Следую за ней, стараясь не терять из виду хрупкую путеводную линию. Она приводит меня обратно на тропу, и я с облегчением вздыхаю. Клубочек, как верный проводник, укатился вперёд, оставляя за собой серебристый след. Я смогу идти дальше.
Лес постепенно редеет, между деревьями появляются просветы. Слышу отдалённый собачий лай, и это звук человеческого жилья заставляет сердце биться быстрее.
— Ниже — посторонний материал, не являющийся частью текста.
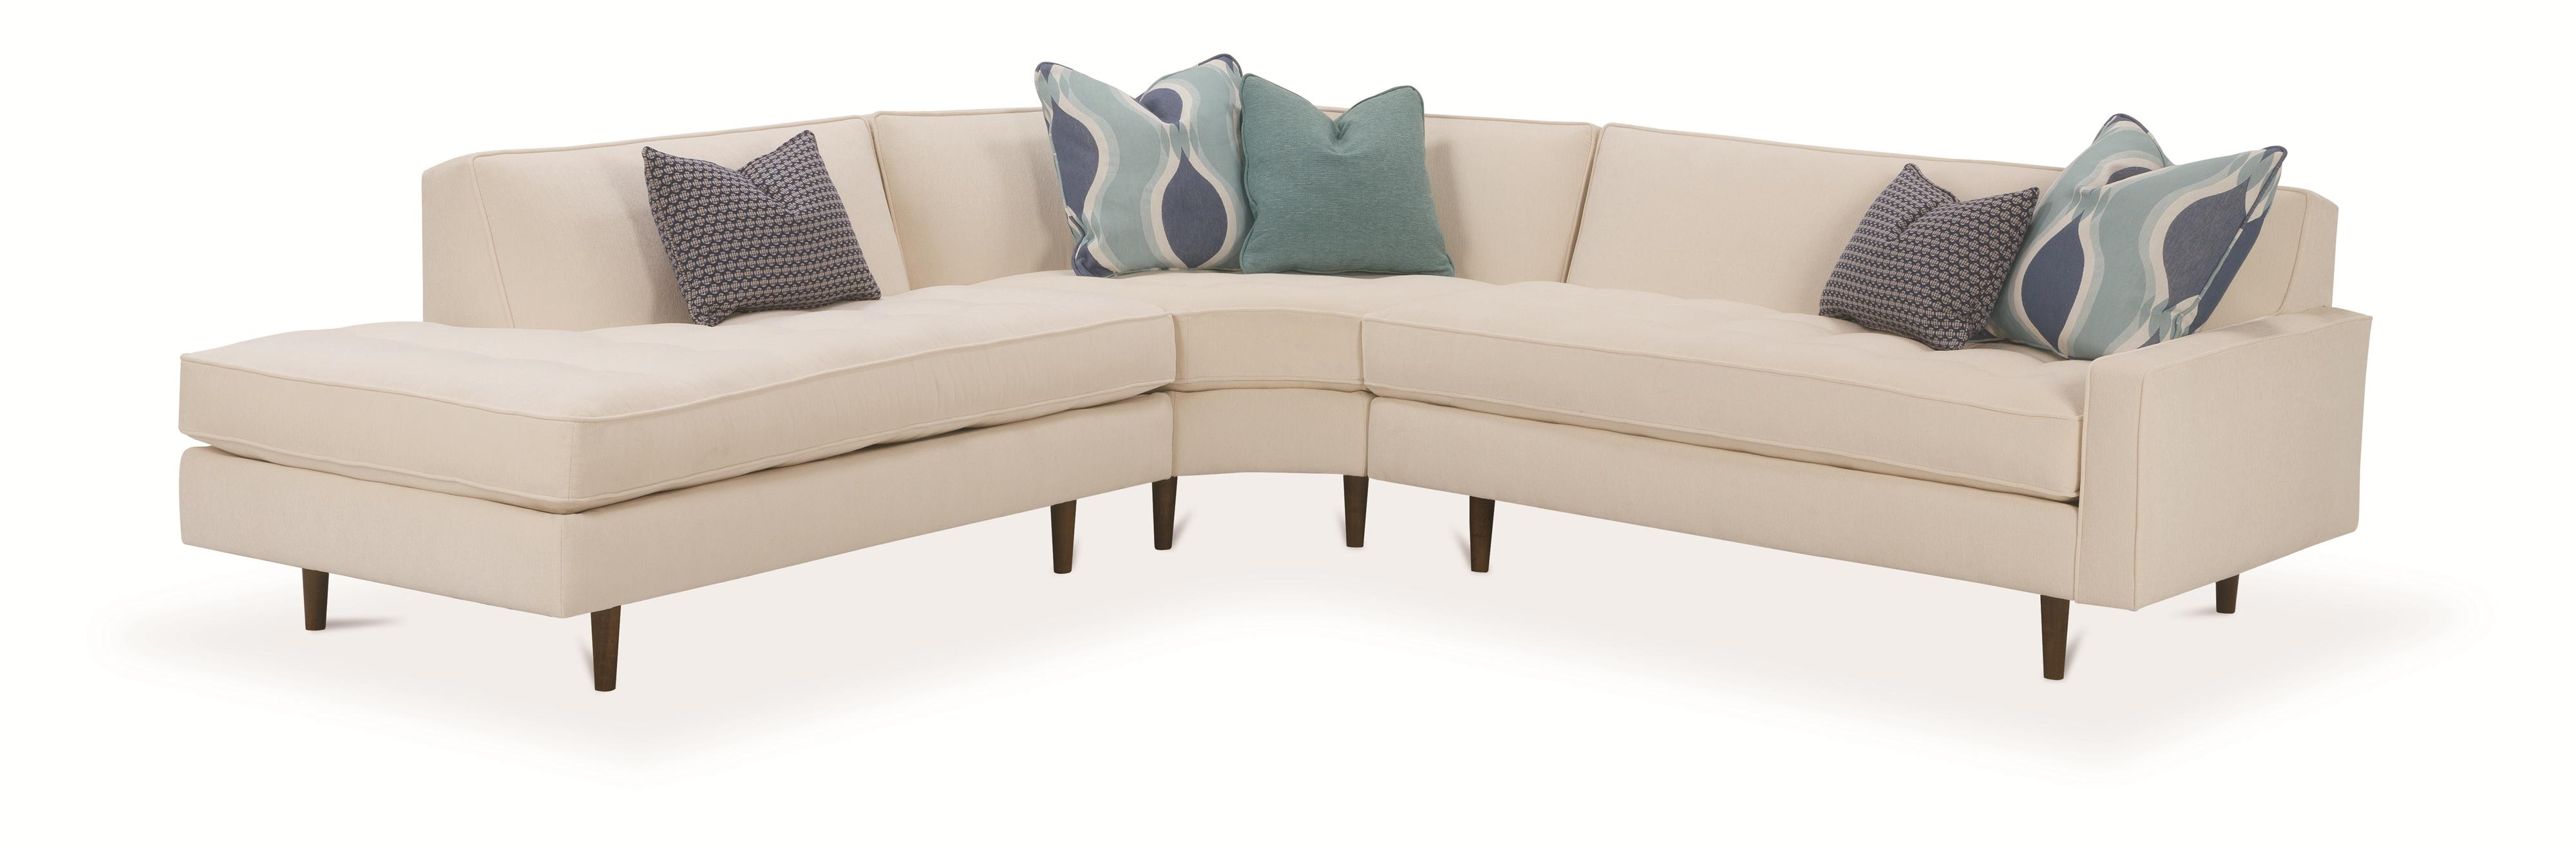 Rowe brady contemporary 3 piece sectional sofa with track for 3 piece sectional sofa

Наконец, тропа выводит меня к опушке, и я вижу раскинувшуюся внизу деревню.
Она выглядит старой, словно застывшей во времени. Потемневшие от дождей и ветров избы с резными наличниками, покосившиеся заборы, высокие стога сена. Над некоторыми крышами вьётся дым – топят печи, готовят ужин. В любой другой ситуации я бы сочла этот вид живописным, достойным кисти. Но сейчас что-то заставляет меня замереть в нерешительности.
Над деревней словно висит невидимая пелена тревоги. Даже воздух кажется тяжёлым, насыщенным чем-то древним и недобрым. А может, это просто моё воображение, взбудораженное недавней встречей и кошмарами.
Глубоко вздохнув, я спускаюсь по тропинке к первым домам. Мой клубочек катится впереди, уверенно ведя меня вглубь поселения. По обеим сторонам улицы женщины развешивают на заборах травы и цветы, мужчины таскают и складывают в центральной части деревни бревна и хворост. Готовятся к какому-то празднику?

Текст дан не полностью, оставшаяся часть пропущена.